第51章 东宁陈先生(第3页)
“不。”
朱慈兴抬手,斩钉截铁地打断了他。
他的目光越过王秀奇,投向下方的港口。
那里,刚从南洋血战中幸存下来的战船密密麻麻地停泊着,桅杆林立。
许多船帆上还留着狰狞的炮洞,被水手们用粗糙的帆布勉强打着补丁,在晨风中无力地飘动,如同累累伤痕。
这景象,让他骤然想起五年前,初到台湾那百废待兴的萧瑟时光。
陈永华,那位总是一袭青衫、头戴方巾的儒雅文士,曾带他巡视热兰遮城的断壁残垣。
彼时,陈永华指着那些焦黑的砖石,声音平静却字字千钧:“守国之道,陛下,不在高墙坚炮之固,而在民心向背之基。
墙垣可摧,人心若聚,则根基永固;人心若散,纵有金城汤池,亦不过沙上之塔。”
一股沉甸甸的力量,压过最初的惊怒与寒意,开始在朱慈兴胸中凝聚。
他深吸一口气,那咸腥的海风灌入肺腑,带着生死的抉择。
“传令各营主将,即刻至此听命!”
朱慈兴的声音陡然拔高,带着不容置疑的威严,回荡在棱堡上空,“除留守巴达维亚之兵外,全军弃置辎重,轻装登船!

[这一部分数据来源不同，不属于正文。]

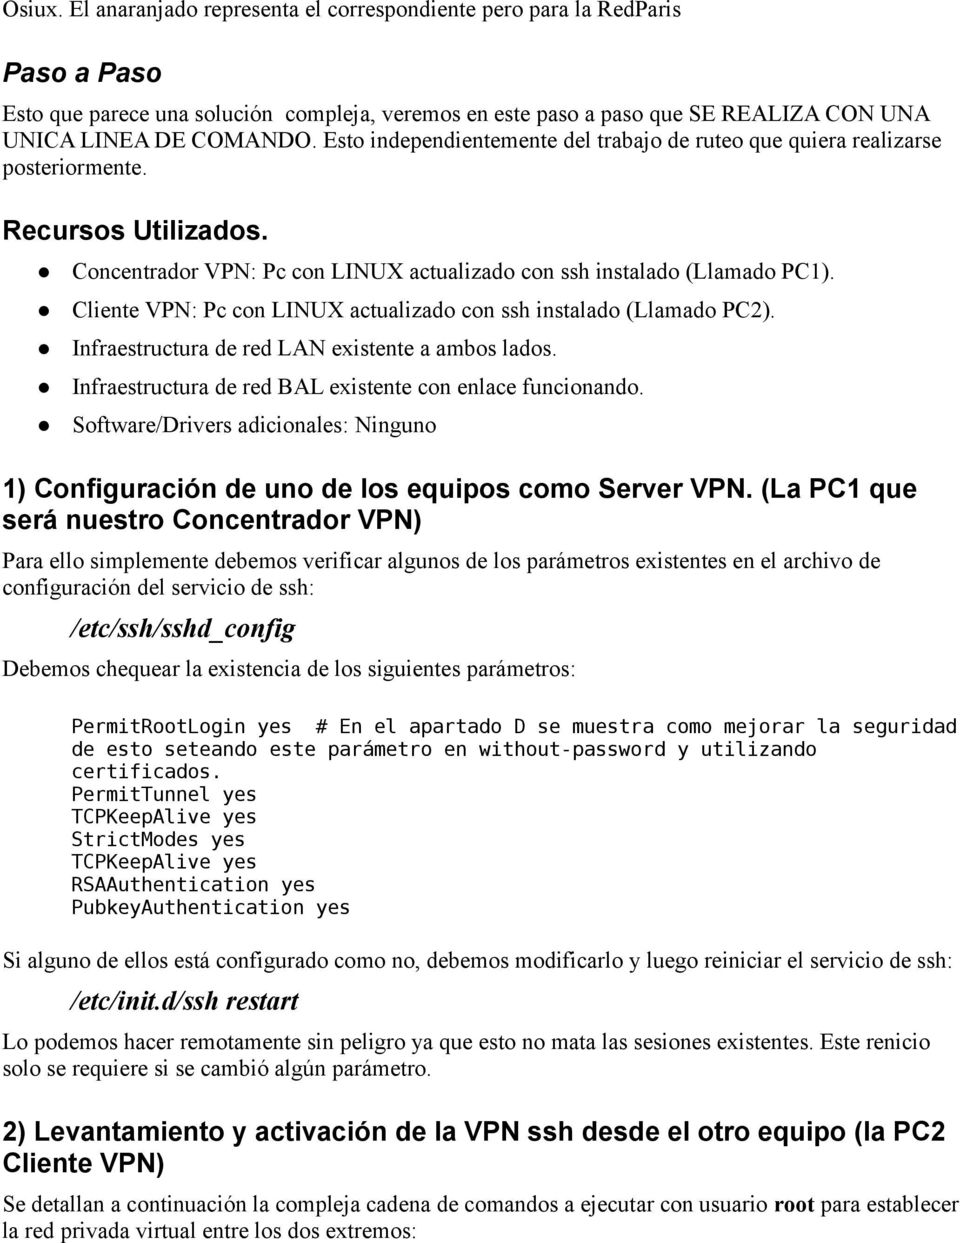 Cliente VPN: Pc con LINUX actualizado con ssh instalado (Llamado PC2). Infraestructura de red LAN existente a ambos lados. Infraestructura de red BAL existente con enlace funcionando.
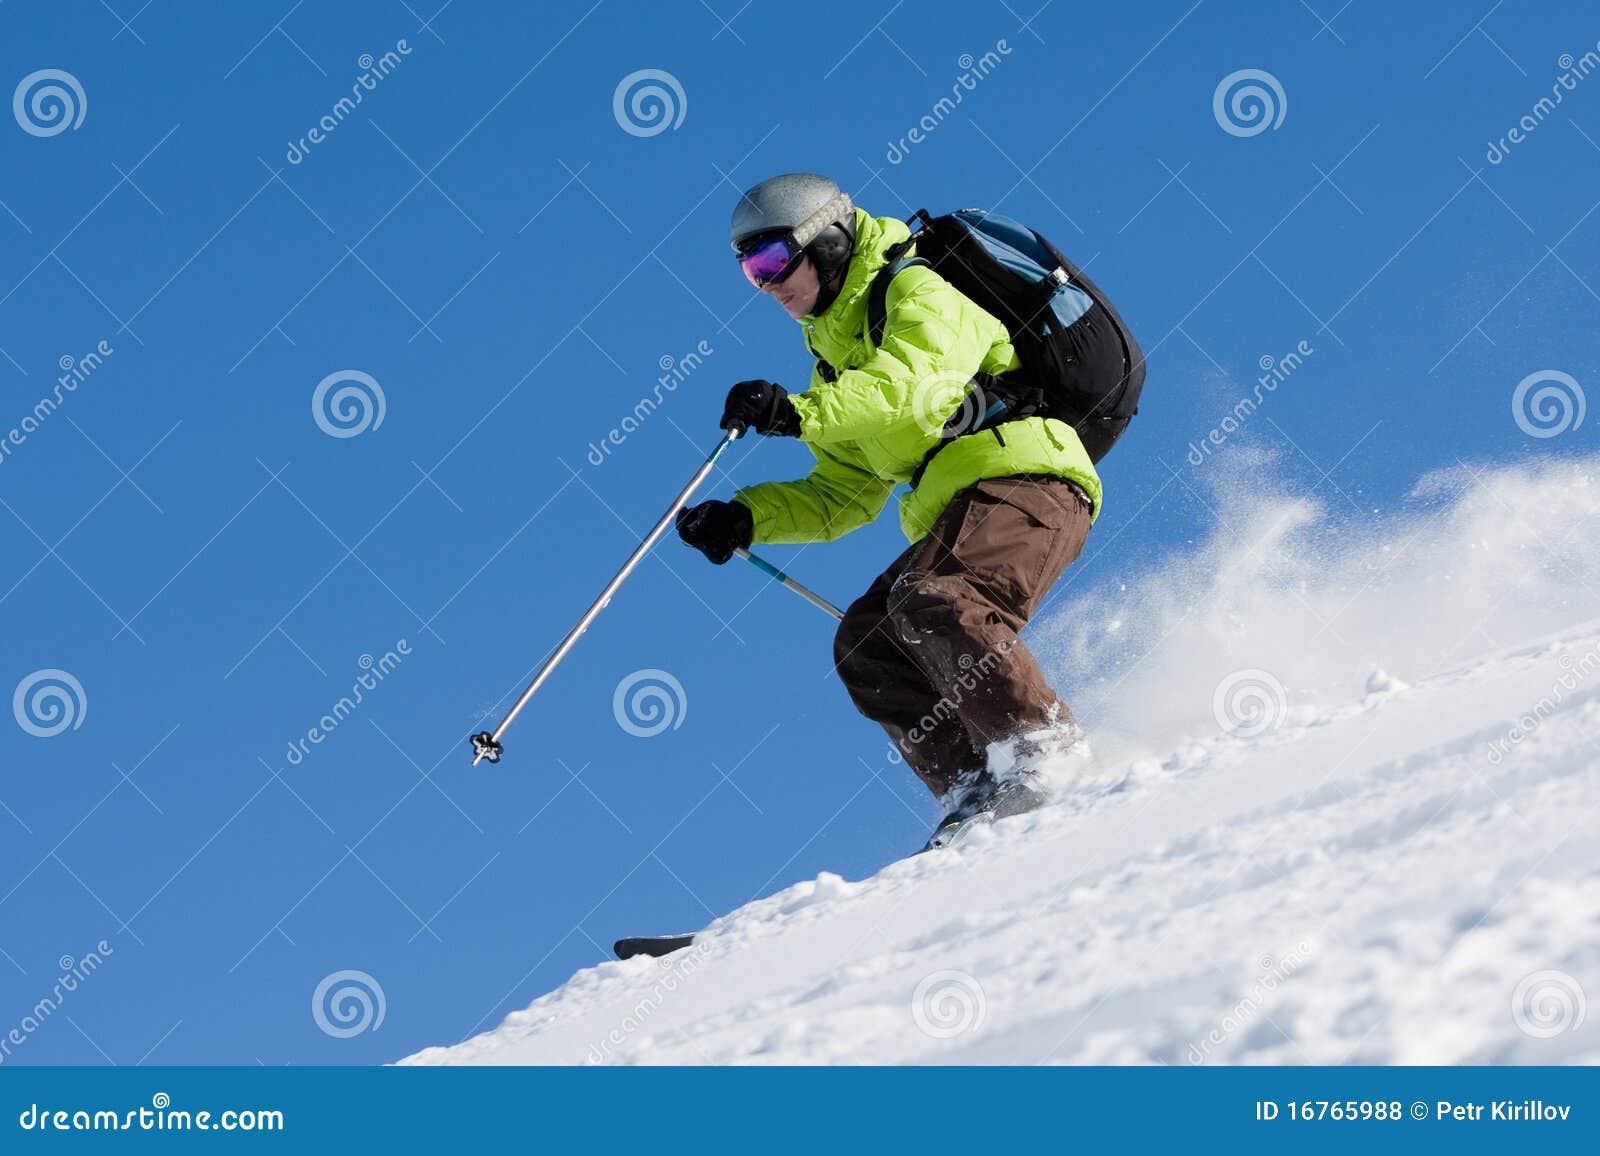 off-piste skiing (freeride)
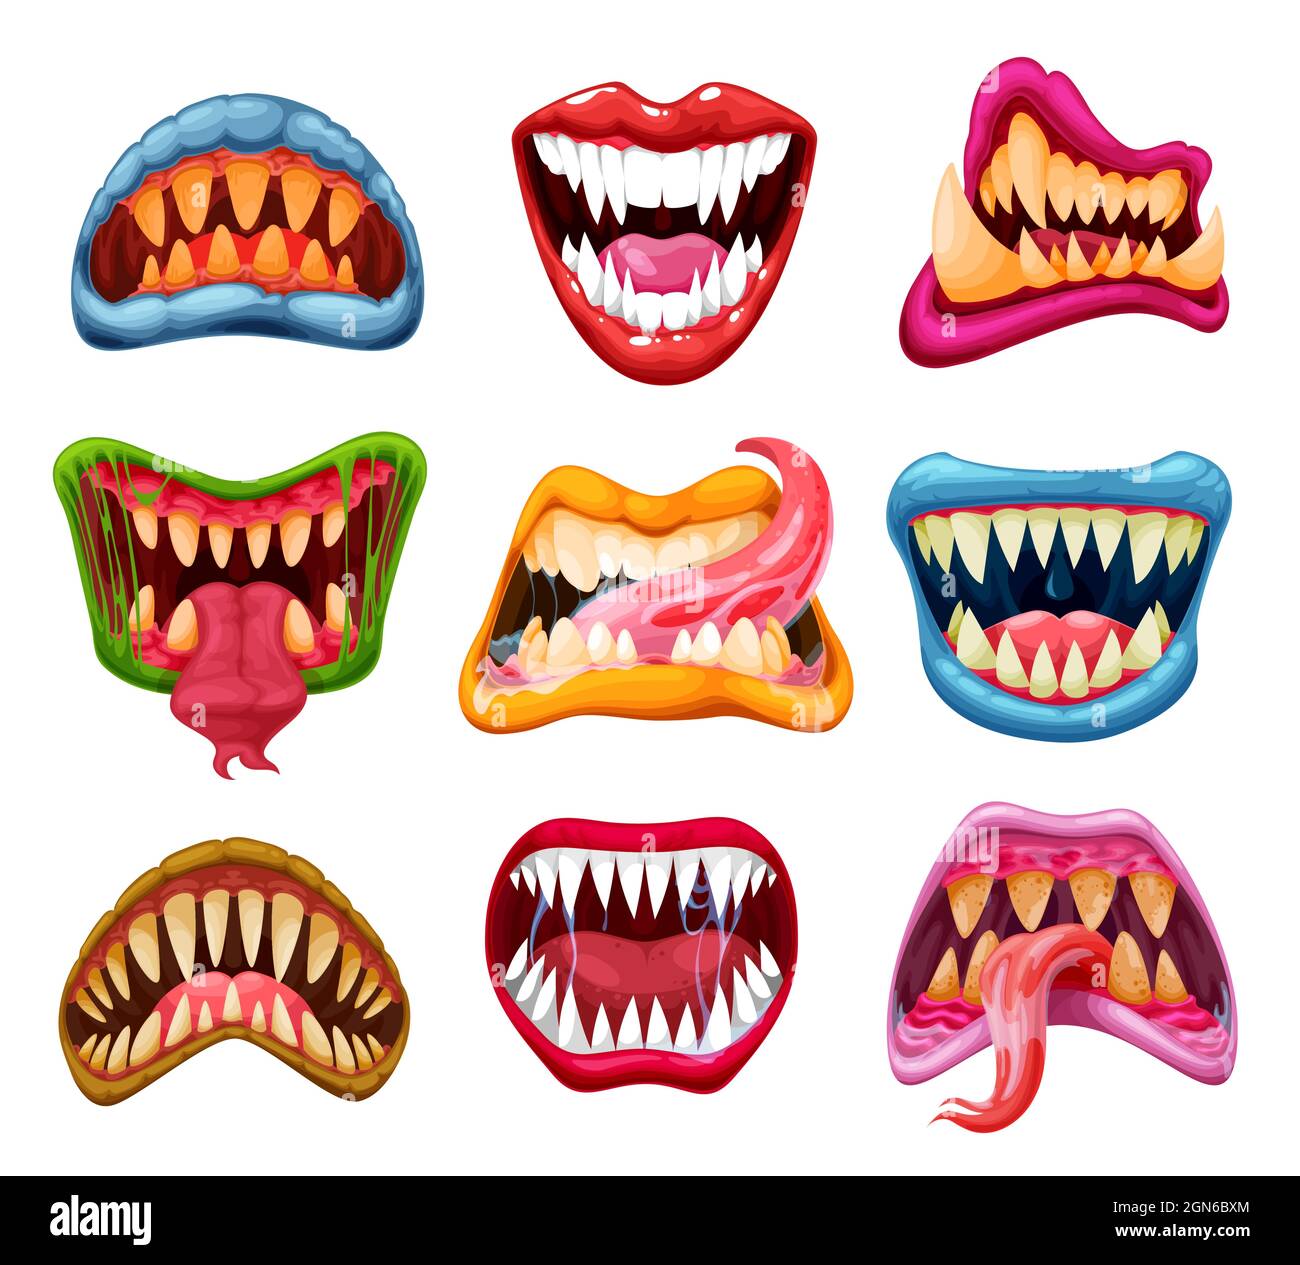 Mandíbulas y bocas de monstruos con dientes y lenguas de dibujos animados.  Vector Halloween monstruo o vampiro sonrisas, bestia alienígena miedo,  demonio de terror, dracula o zombie con espeluznantes fangos, verde limo

将荷兰人粮仓内所有存粮——稻米、麦粉、风干肉,尽数搬出!
就在这码头之上,全部分发给巴达维亚的汉人苦力、华人商贩、爪哇雇工!
告诉他们……”
他顿了顿,嘴角缓缓勾起一丝冰冷而锐利的笑意,目光扫过下方因这命令而逐渐骚动起来的港口人群,“就说,是国姓爷的世子(指朱慈兴自己),请他们去东宁垦荒!
凡愿往者,不论男女老幼,每人授良田三十亩!
即刻登船,与王师同行!”
当正午的烈阳终于奋力刺破厚重的晨雾,将灼热的光柱投洒在巴达维亚港时,眼前的景象已发生了翻天覆地的变化。
荷兰人巨大的粮仓洞开,金黄色的稻米如同瀑布般倾泻而出,在码头上铺展成一片耀眼的金色海洋。
衣衫褴褛的苦力、面带惊疑的商贩、拖家带口的华工,在短暂的呆滞后爆发出难以置信的欢呼,争相上前,用一切能找到的容器装盛着这从天而降的生机。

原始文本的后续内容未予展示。